- INFORMATION GIVEN:
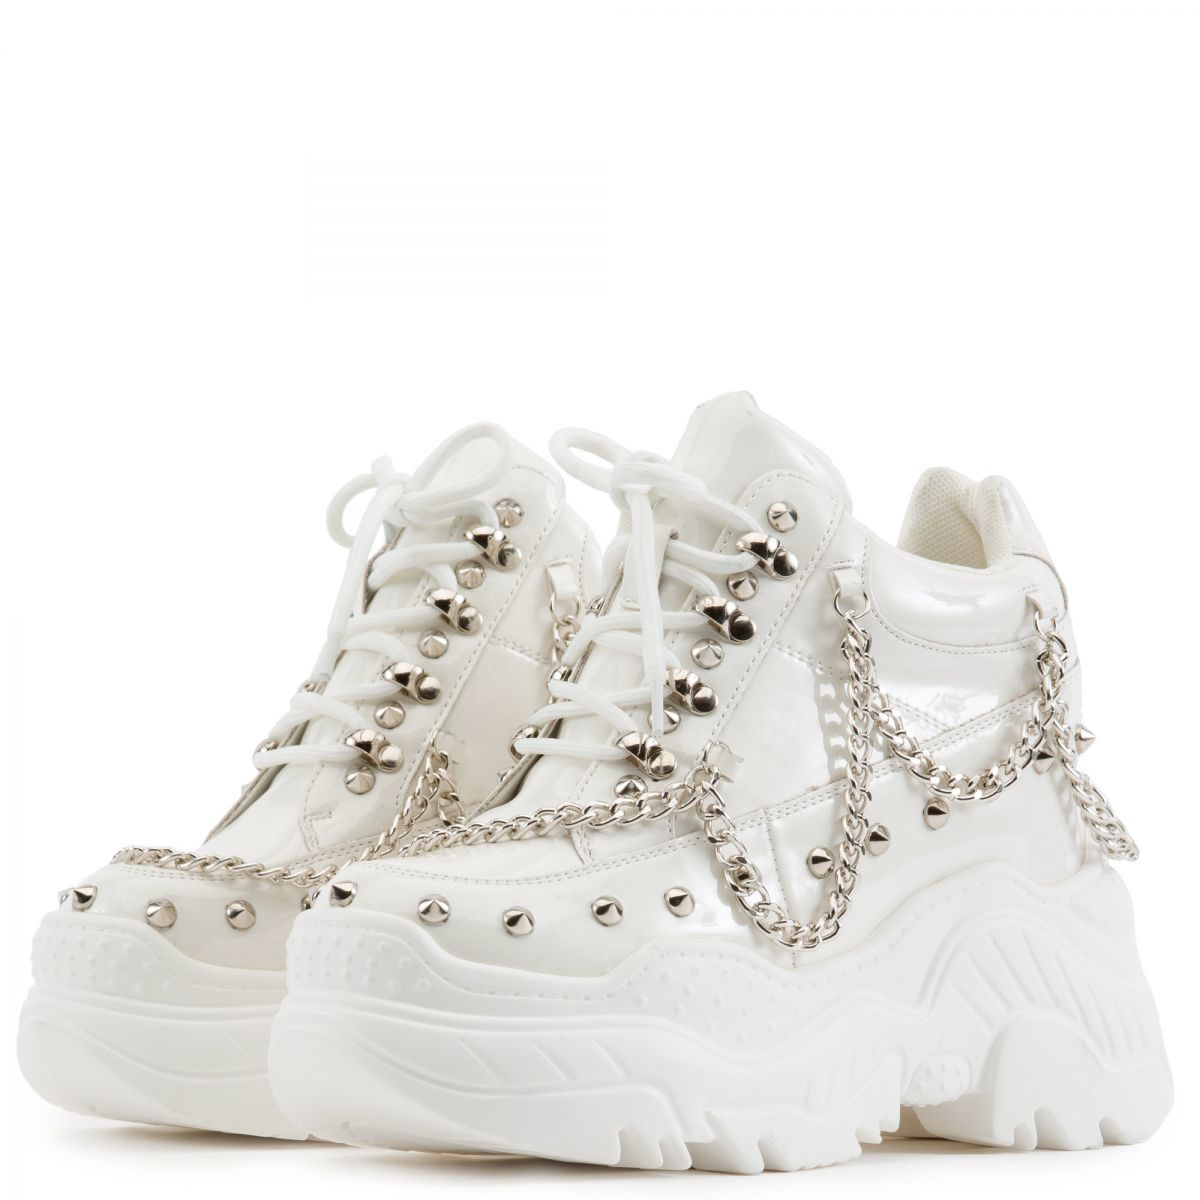 Anthony Wang Space Candy Platform Sneakers with Studs Black Patent
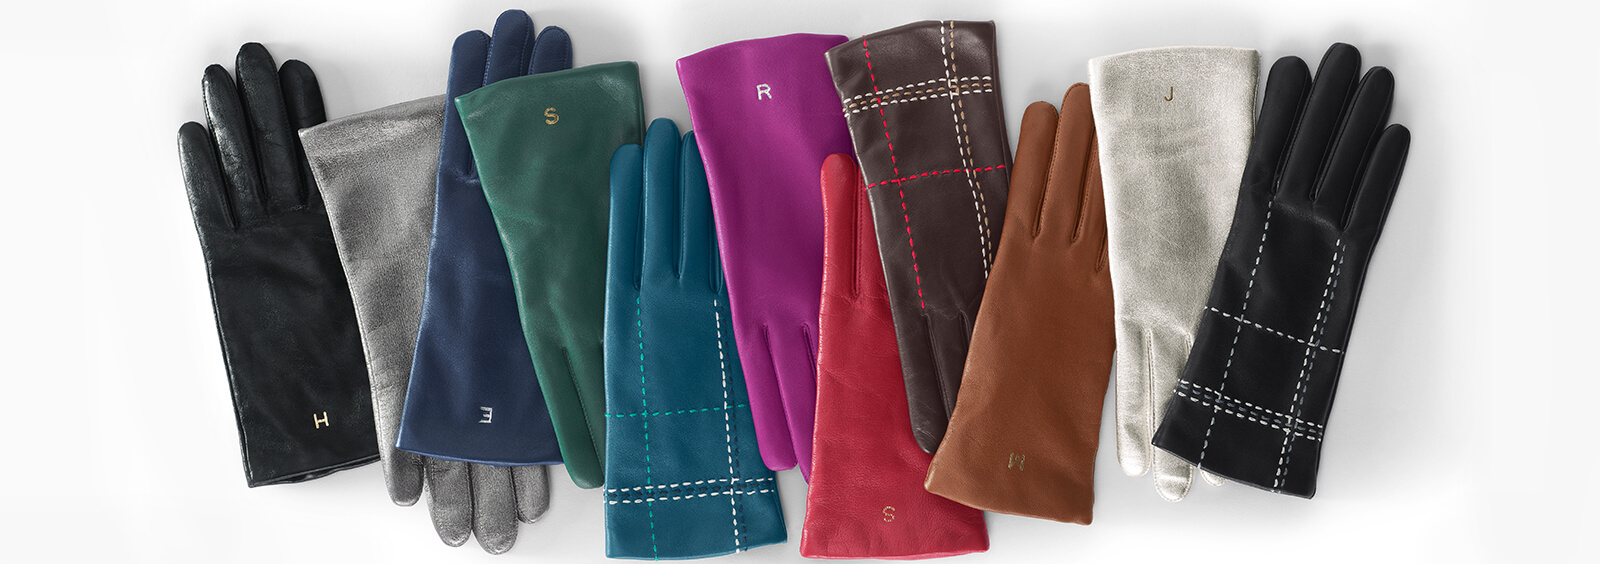 8 Options for Keeping Your Hands Warm This Winter
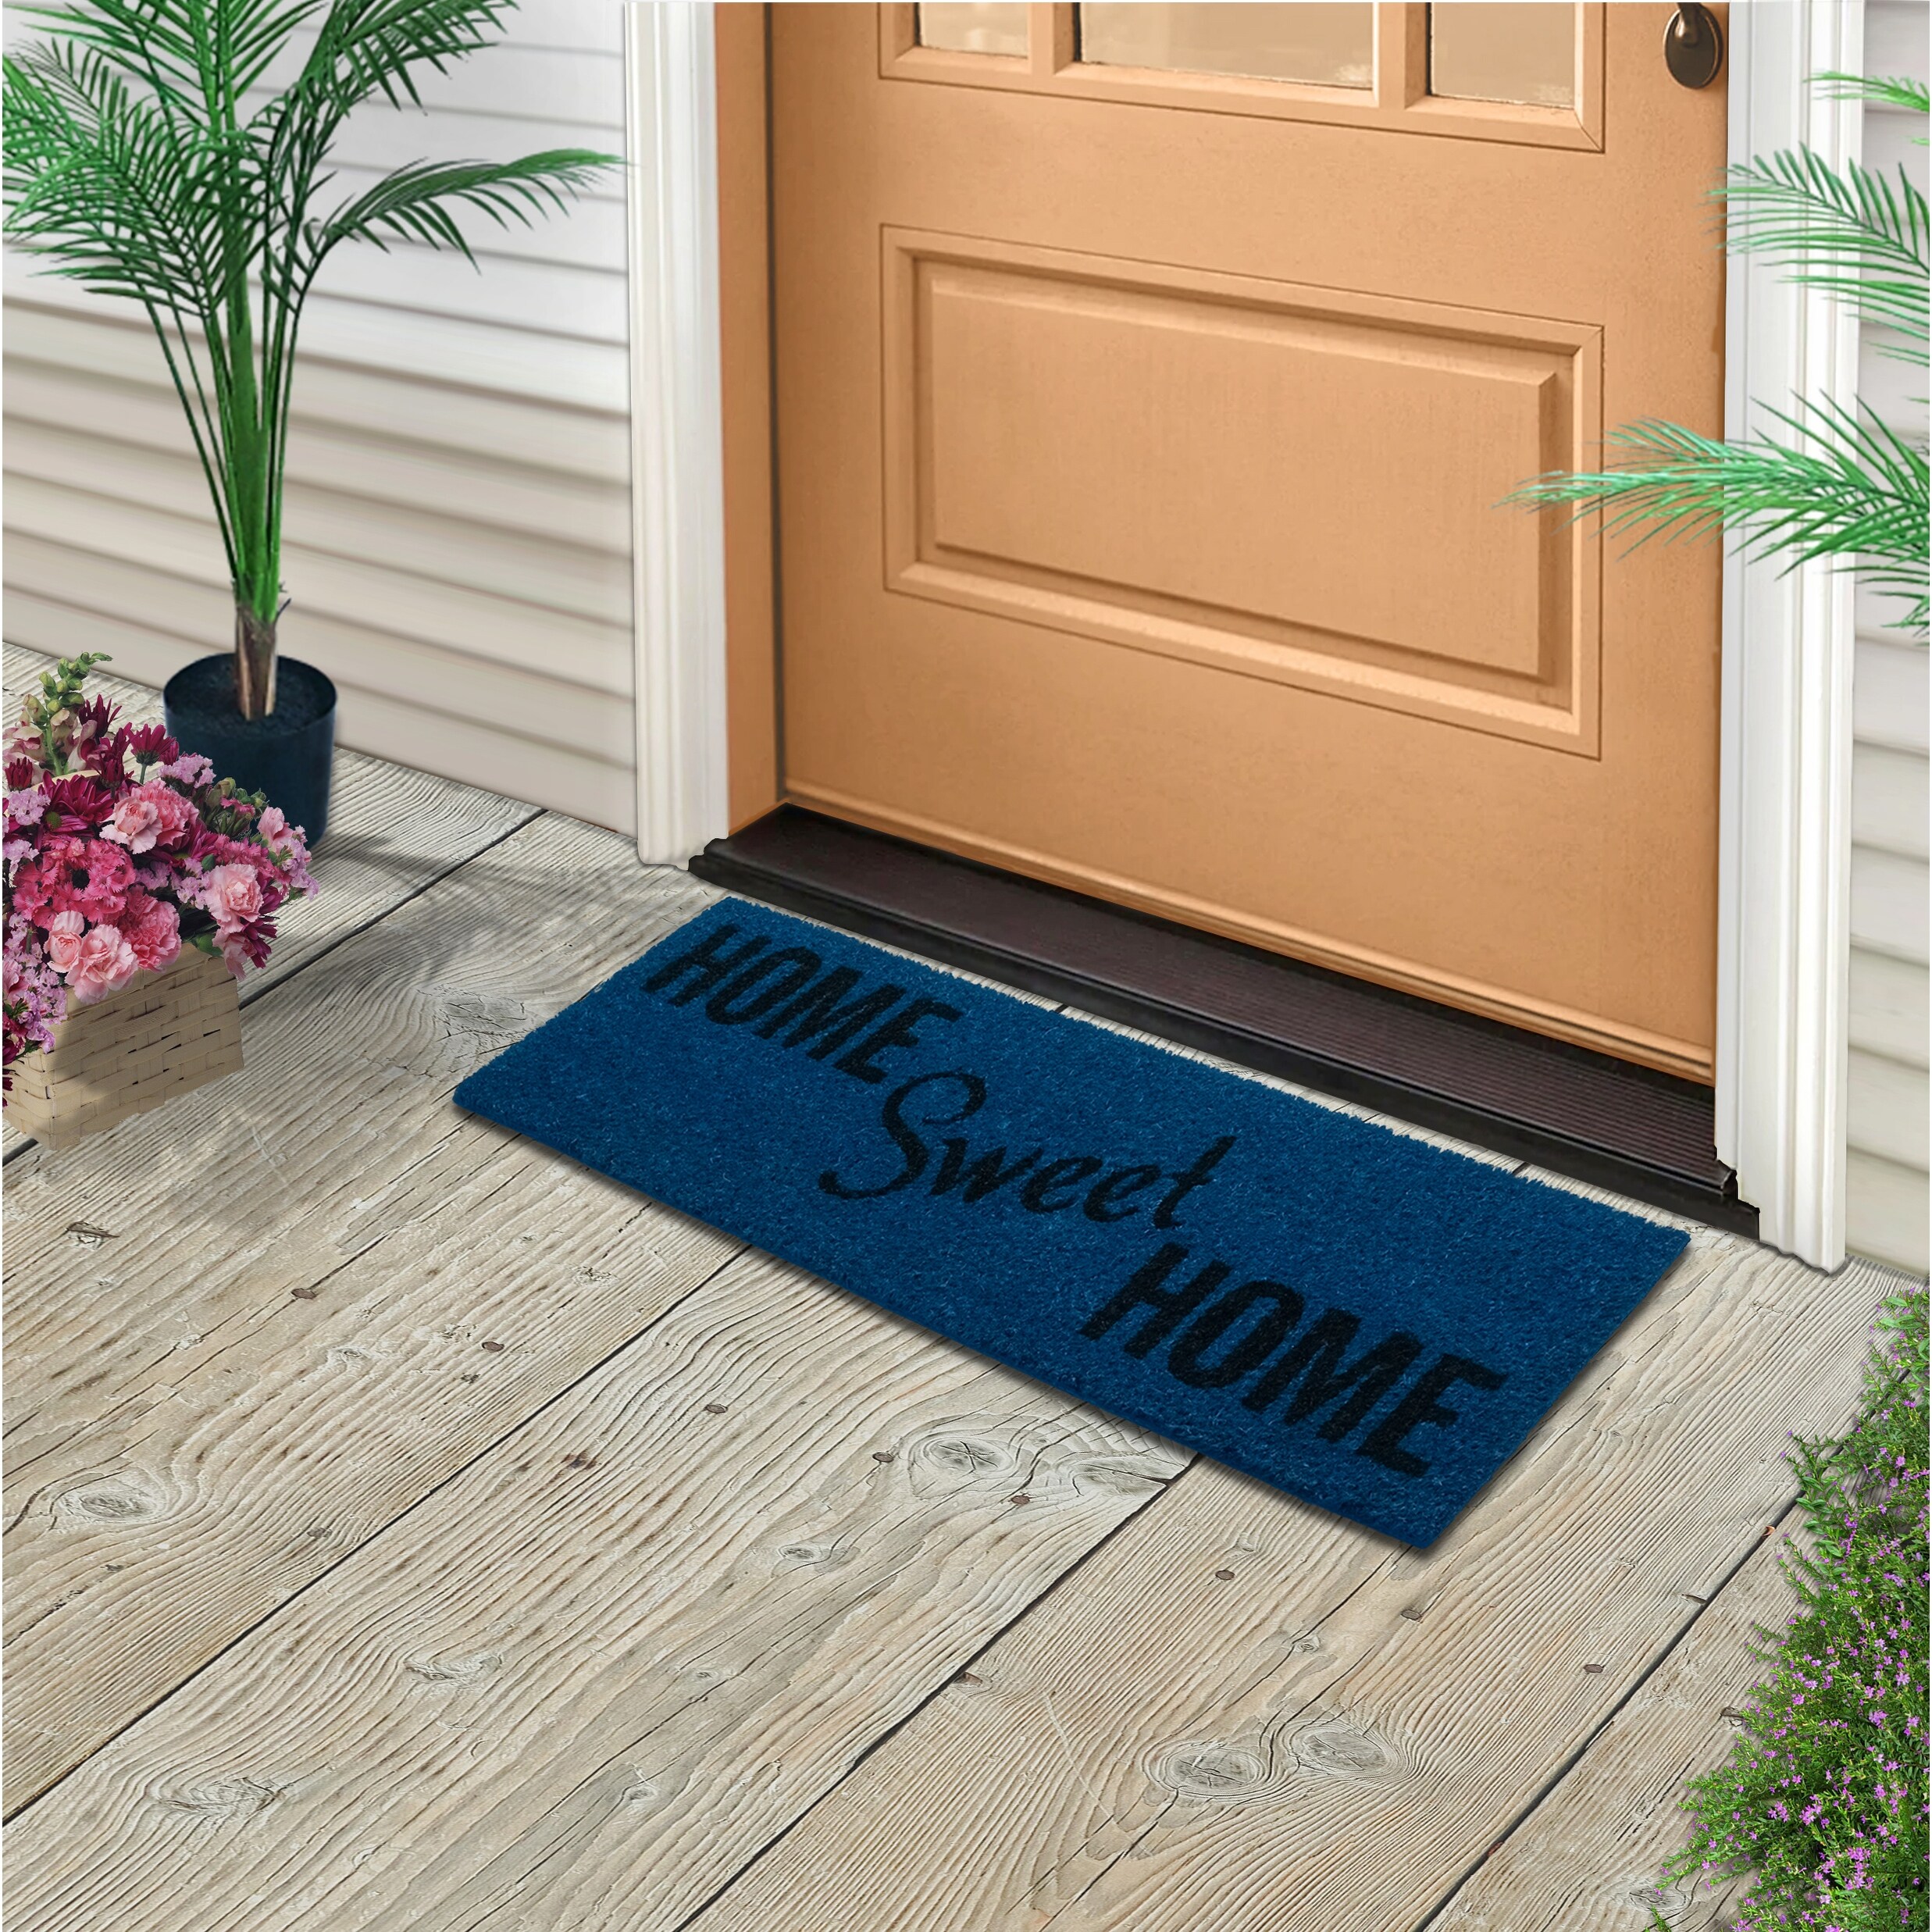 https://ak1.ostkcdn.com/images/products/is/images/direct/9fa2c85a8bc5ea4ebc12de59562d71b2e22bcffd/Mascot-Hardware-Entrance-Doormat-%7C-Indoor-and-Outdoor-%7C-30in-x-10in-%7C-Non-Slip-Backing-%7C-All-Season.jpg
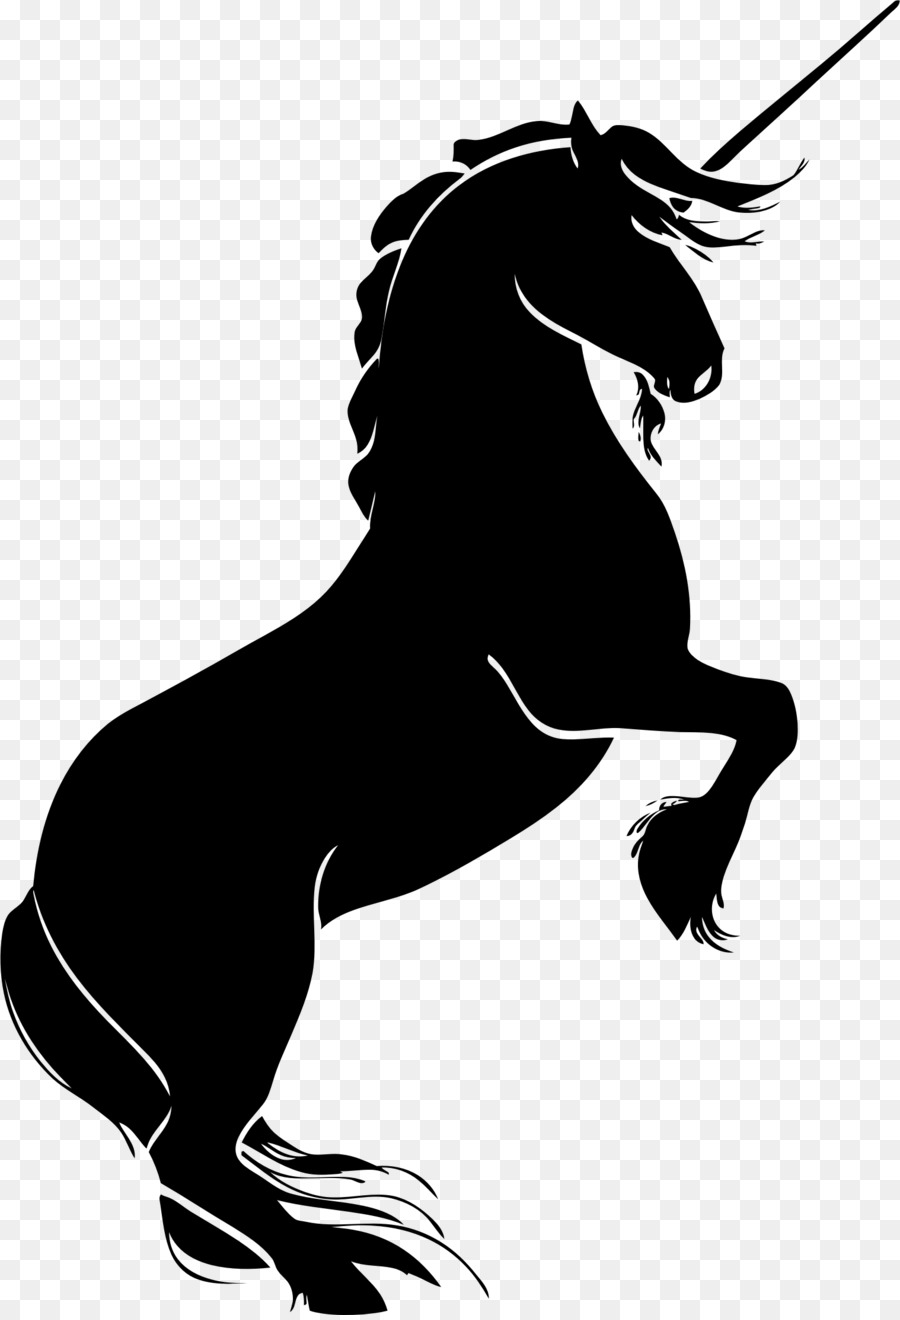 Horse Unicorn Silhouette Rearing Clip art - sillhouette png download - 1518*2218 - Free Transparent  png Download.
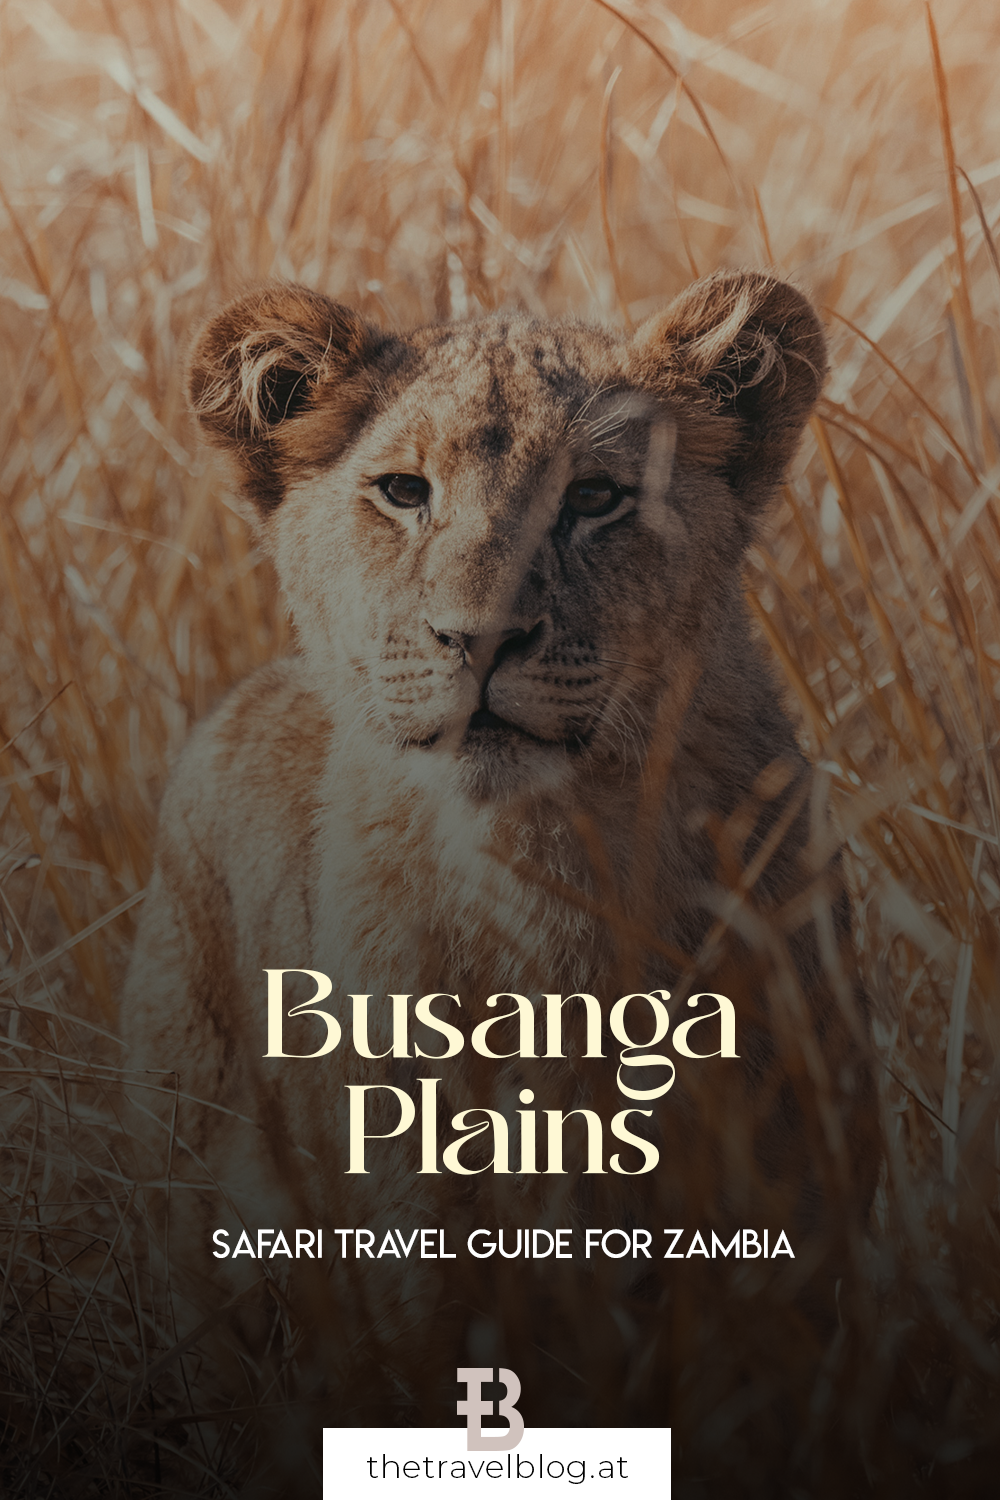 The pride of the Kafue National Park in Zambia: Busanga Plains safari guide by thetravelblog.at

- TRY IT: No pictures belong in the answer; copy all other parts of the listing exactly.

- TASK RESPONSE:
 Anthony Wang Space Candy Platform Sneakers with Studs Black Patent
 8 Options for Keeping Your Hands Warm This Winter
 https://ak1.ostkcdn.com/images/products/is/images/direct/9fa2c85a8bc5ea4ebc12de59562d71b2e22bcffd/Mascot-Hardware-Entrance-Doormat-%7C-Indoor-and-Outdoor-%7C-30in-x-10in-%7C-Non-Slip-Backing-%7C-All-Season.jpg
 Horse Unicorn Silhouette Rearing Clip art - sillhouette png download - 1518*2218 - Free Transparent  png Download.
 The pride of the Kafue National Park in Zambia: Busanga Plains safari guide by thetravelblog.at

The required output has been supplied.